Choose a reason for hiding this comment
The reason will be displayed to describe this comment to others. Learn more.
Some changes are needed.
🚧 CI BlockedThe main CI workflow was not started for the following reason:
|
1 similar comment
🚧 CI BlockedThe main CI workflow was not started for the following reason:
|
64ec550 to
df4933d
Compare
🚧 CI BlockedThe main CI workflow was not started for the following reason:
|
1 similar comment
🚧 CI BlockedThe main CI workflow was not started for the following reason:
|
3b581d8 to
a5c5ce0
Compare
11a1487 to
ee6ea33
Compare
✅ CI PassedAll checks passed successfully against the following vllm commit: |
ee6ea33 to
ca9a0fa
Compare
✅ CI PassedAll checks passed successfully against the following vllm commit: |
01f8f55 to
4d36048
Compare
✅ CI PassedAll checks passed successfully against the following vllm commit: |
🚧 CI BlockedThe main CI workflow was not started for the following reason:
|
🚧 CI BlockedThe main CI workflow was not started for the following reason:
|
1 similar comment
🚧 CI BlockedThe main CI workflow was not started for the following reason:
|
87b5236 to
a4667e5
Compare
🚧 CI BlockedThe main CI workflow was not started for the following reason:
|
… 70B Signed-off-by: louie-tsai <[email protected]> Signed-off-by: Tsai, Louie <[email protected]>
Signed-off-by: louie-tsai <[email protected]> Signed-off-by: Tsai, Louie <[email protected]>
Signed-off-by: louie-tsai <[email protected]> Signed-off-by: Tsai, Louie <[email protected]>
use one CPU id per core, and fallback model_id match if no input/output match Signed-off-by: louie-tsai <[email protected]> Signed-off-by: Tsai, Louie <[email protected]>
move all scripts under cpu_binding folder updated README Signed-off-by: louie-tsai <[email protected]> Signed-off-by: Tsai, Louie <[email protected]>
89018b5 to
45e0745
Compare
✅ CI PassedAll checks passed successfully against the following vllm commit: |
PatrykWo
left a comment
There was a problem hiding this comment.
Choose a reason for hiding this comment
The reason will be displayed to describe this comment to others.
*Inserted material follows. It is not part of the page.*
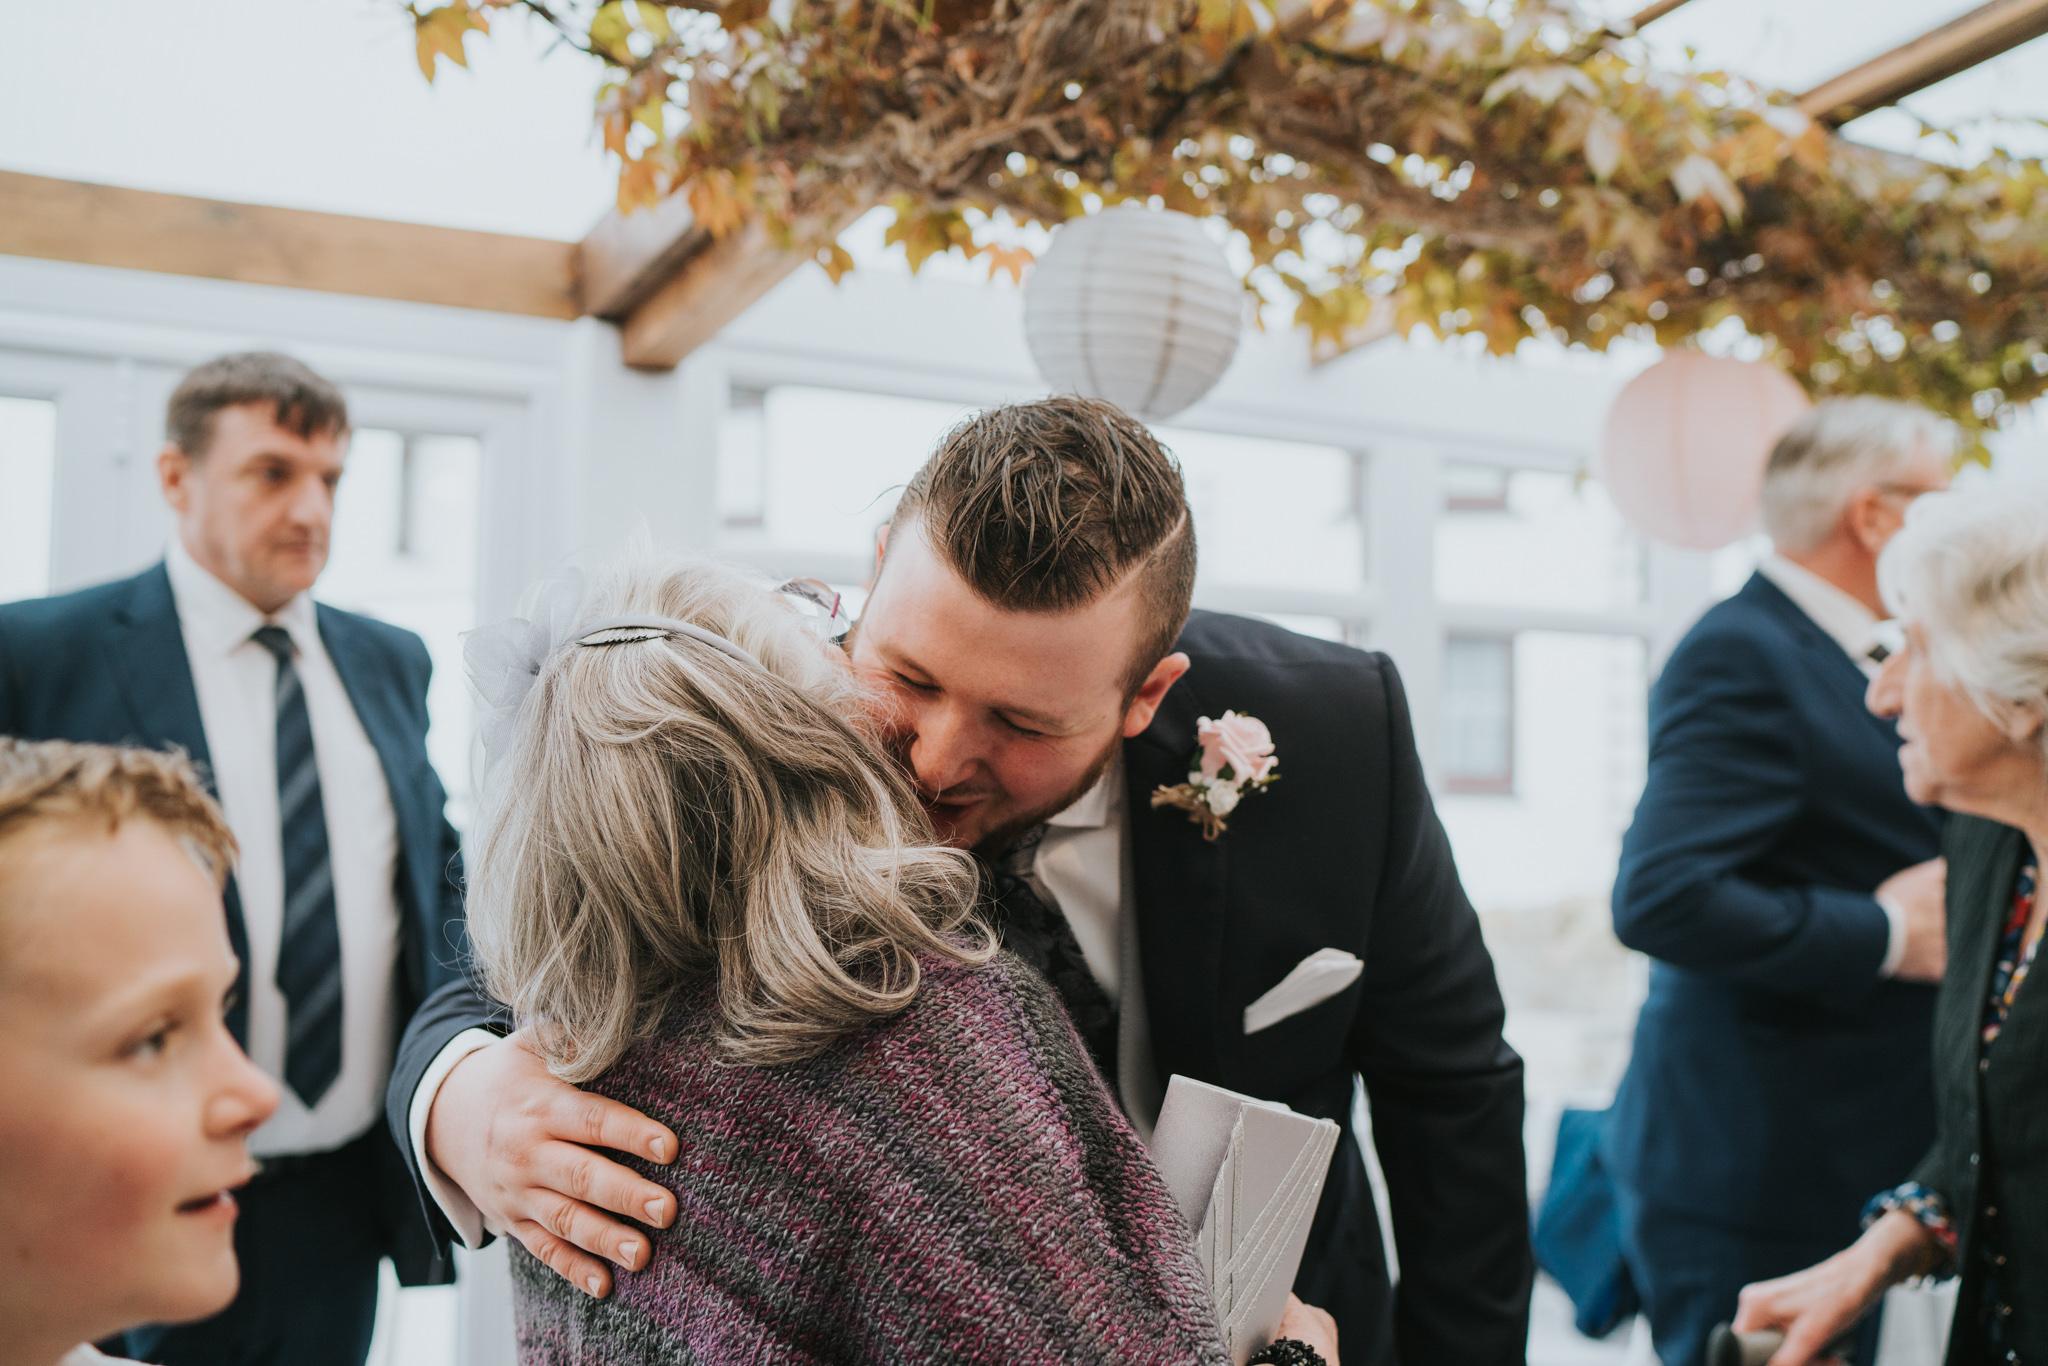 grace-sam-old-barn-clovelly-devon-wedding-photographer-grace-elizabeth-essex-suffolk-norfolk-wedding-photographer (98 of 132).jpg

Learn more.
LGTM
Purpose
docker-compose.override.yaml example
services:
vllm-server:
cpuset: "21,22,23,45,46,47,69,70,71,93,94,95,117,118,119,141,42,143"
cpus: "18"
Test Plan
manually tested.
Test Result
GNR
By pinning different number of CPUs, we could see different throughput, TTFT and TPOT on different models.
Llama3.1 405B
For Llama3.1 405B, 18 CPU cores gave the best performance, so we map Llama3.1 405B with number of CPU "18"
Llama3.1 70B
For Llama3.1 70B, 12 CPU cores gave the best performance, so we map Llama3.1 70B with number of CPU "12"
Why performance drop when we use more CPUs?
Here are perfspect results for #CPU=18 and #CPU=24 cases.
#CPU=18

CPU Frequency is around 2300 Hz.
Gaudi utilization is around 40%.

#CPU = 24

CPU frequency dropped to ~1800 Hz
Gaudi utilization dropped to 30%.

Therefore, more CPU cores than needed might drop the CPU frequency and it also drop the Gaudi utilization due to low performance on CPU.